L’auteur ukrainien Andreï Kourkov était à Genève pour un sommet sur les droits de l’homme. Dans un entretien avec swissinfo.ch, il parle de l’invasion russe, de la Suisse comme pays idéal et de la situation de la langue russe en Ukraine.

swissinfo.ch: Dans le tout premier chapitre, le 29 décembre 2021, de votre «Journal d’une invasion», vous espérez que l’Ukraine suivra la voie de la Suisse. Nous sommes maintenant en Suisse, un an et demi plus tard. Comment voyez-vous le comportement de la Suisse dans l’intervalle?

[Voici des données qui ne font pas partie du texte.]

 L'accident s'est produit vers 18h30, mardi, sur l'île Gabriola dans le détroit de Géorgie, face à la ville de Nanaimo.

Andreï Kourkov: Je comprends que la Suisse soit traditionnellement neutre. Mais, pour moi, la neutralité ne justifie pas de traiter avec un agresseur. Le problème principal est que la Suisse interdit à d’autres pays de transmettre à l’Ukraine des armes produites en Suisse. Sans armes ni munitions, l’Ukraine perd la guerre. Il y aurait également plus de victimes dans la population civile si l’armée ukrainienne n’était plus en mesure de défendre la population.

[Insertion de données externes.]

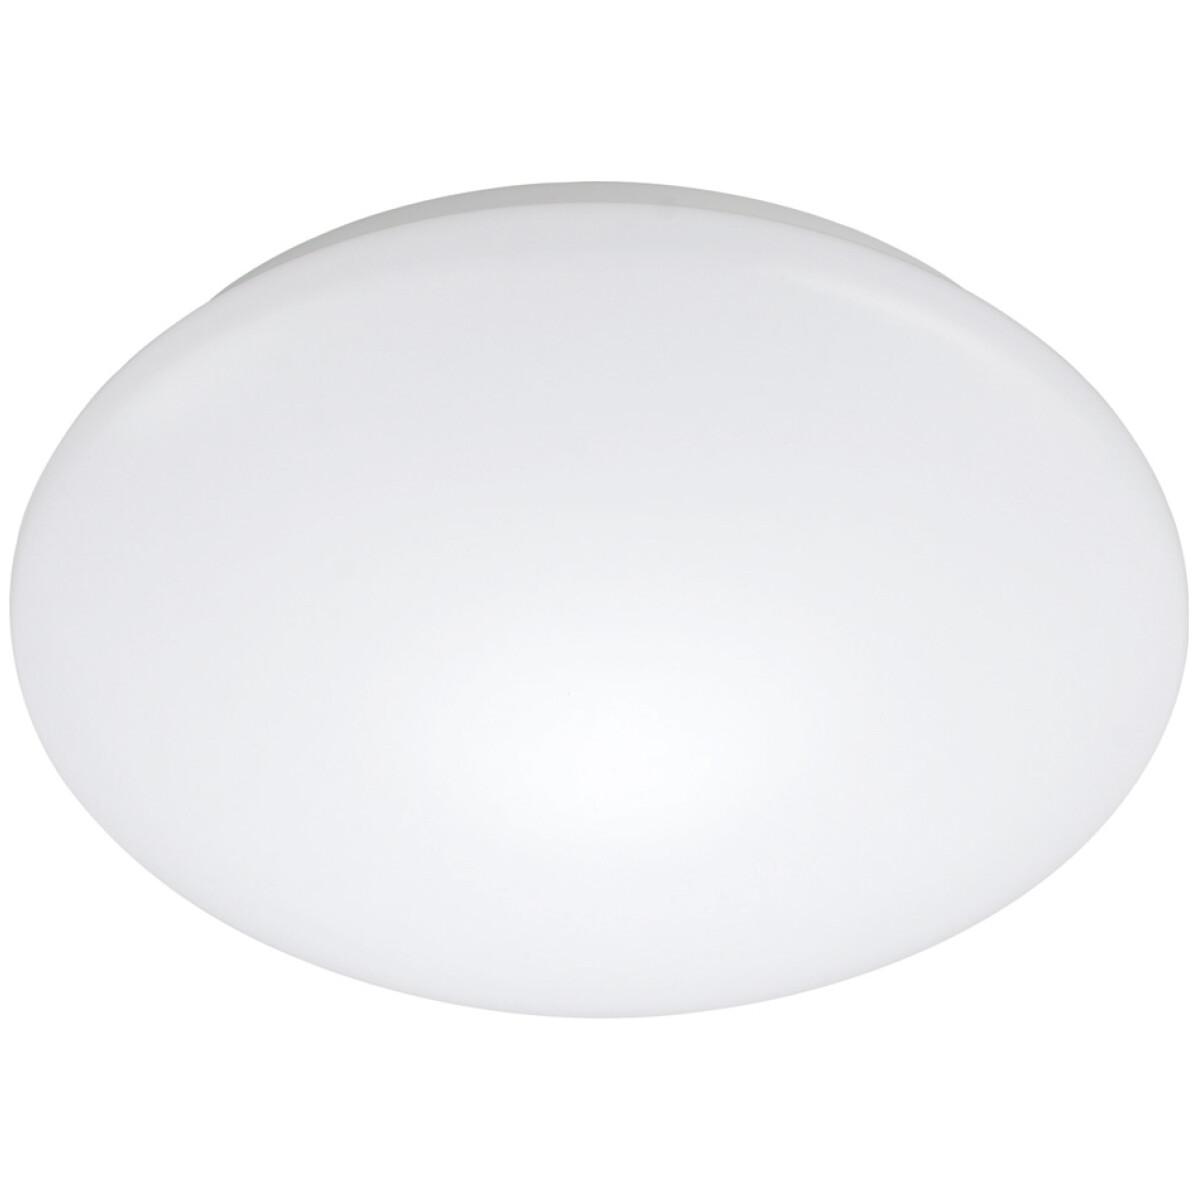 LED Plafondlamp met Bewegingssensor - Strum - 24W - Opbouw Rond - Natuurlijk Wit 4200K - 360° - Mat

Lors du Geneva Summit for Human Rights and Democracy, vous vous êtes exprimé en tant que «témoin oculaire». Depuis l’invasion russe, êtes-vous plus un témoin oculaire qu’un écrivain?

Malheureusement, je ne peux plus écrire de fiction. Pas un seul mot au cours des quinze derniers mois. J’ai essayé plusieurs fois et j’ai échoué. Je vais réessayer. Actuellement, le seul sujet sur lequel je peux écrire est la guerre et ce qui arrive aux Ukrainiens à cause de l’agression russe.

Portrait d un homme
Andreï Kourkov, né en 1961 dans l’actuelle Russie, a vécu à Kiev depuis son enfance. Il est l’auteur de nombreux romans et scénarios. Dans son «Journal d’une invasion», il dévoile ses expériences et ses pensées en tant qu’Ukrainien de fin 2021 à début juillet 2022. Il a reçu pour cela le prix Geschwister Scholl 2022 de la ville de Munich. Il fait partie des écrivains ukrainiens qui écrivent leurs livres en russe. SWI swissinfo.ch

C’est dommage, car vous êtes un auteur à succès de romans fantastiques, traduits en 37 langues. Vous parlez vous-même onze langues?

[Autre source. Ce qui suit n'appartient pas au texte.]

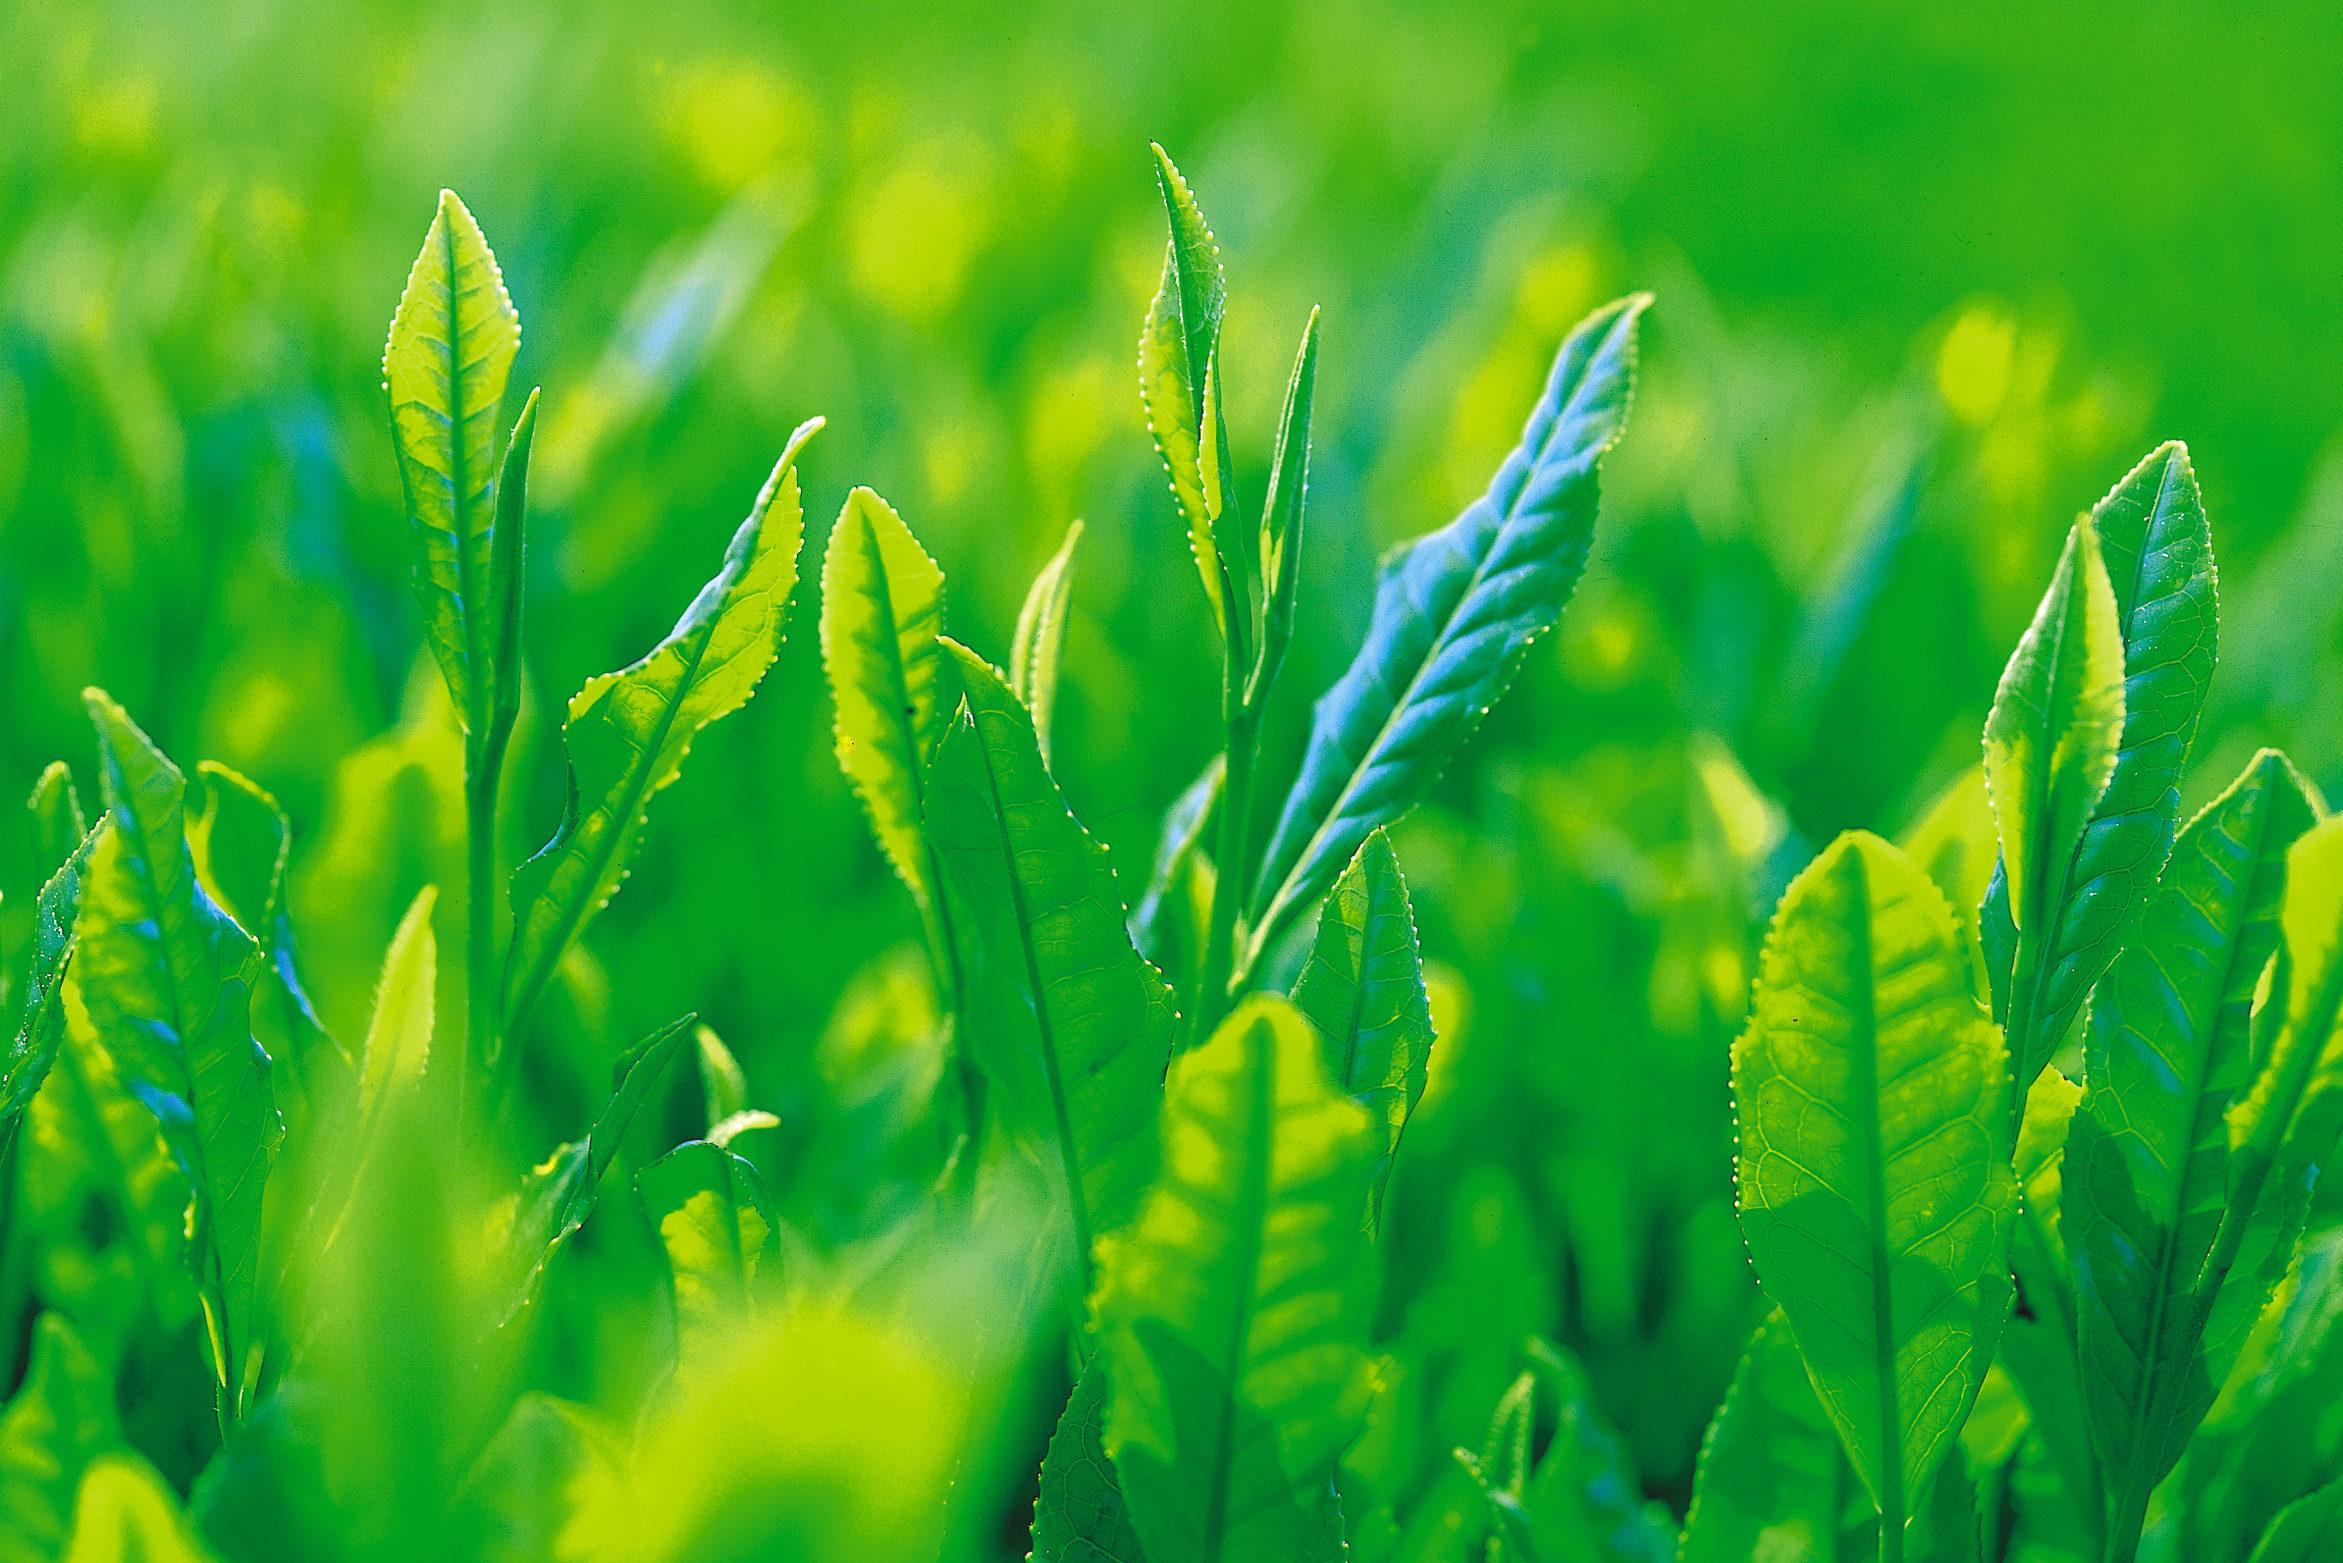 狭山茶の新芽

Avant, oui. Maintenant, je n’en parle plus que six.

Quelles sont-elles?

Le russe, l’ukrainien, l’allemand, le français, l’anglais – et je comprends l’italien.

Le russe et l’ukrainien sont désormais particulièrement politisés. Quelle est votre position à ce sujet?

Vous savez que je suis ukrainien d’origine russe. J’écris de la fiction en russe. J’écris sur la réalité en russe, mais aussi en ukrainien et en anglais. La langue russe et la culture russophone en Ukraine font aussi partie des victimes de Poutine. Moins de gens, beaucoup moins de gens parlent le russe, plus personne ne veut l’apprendre.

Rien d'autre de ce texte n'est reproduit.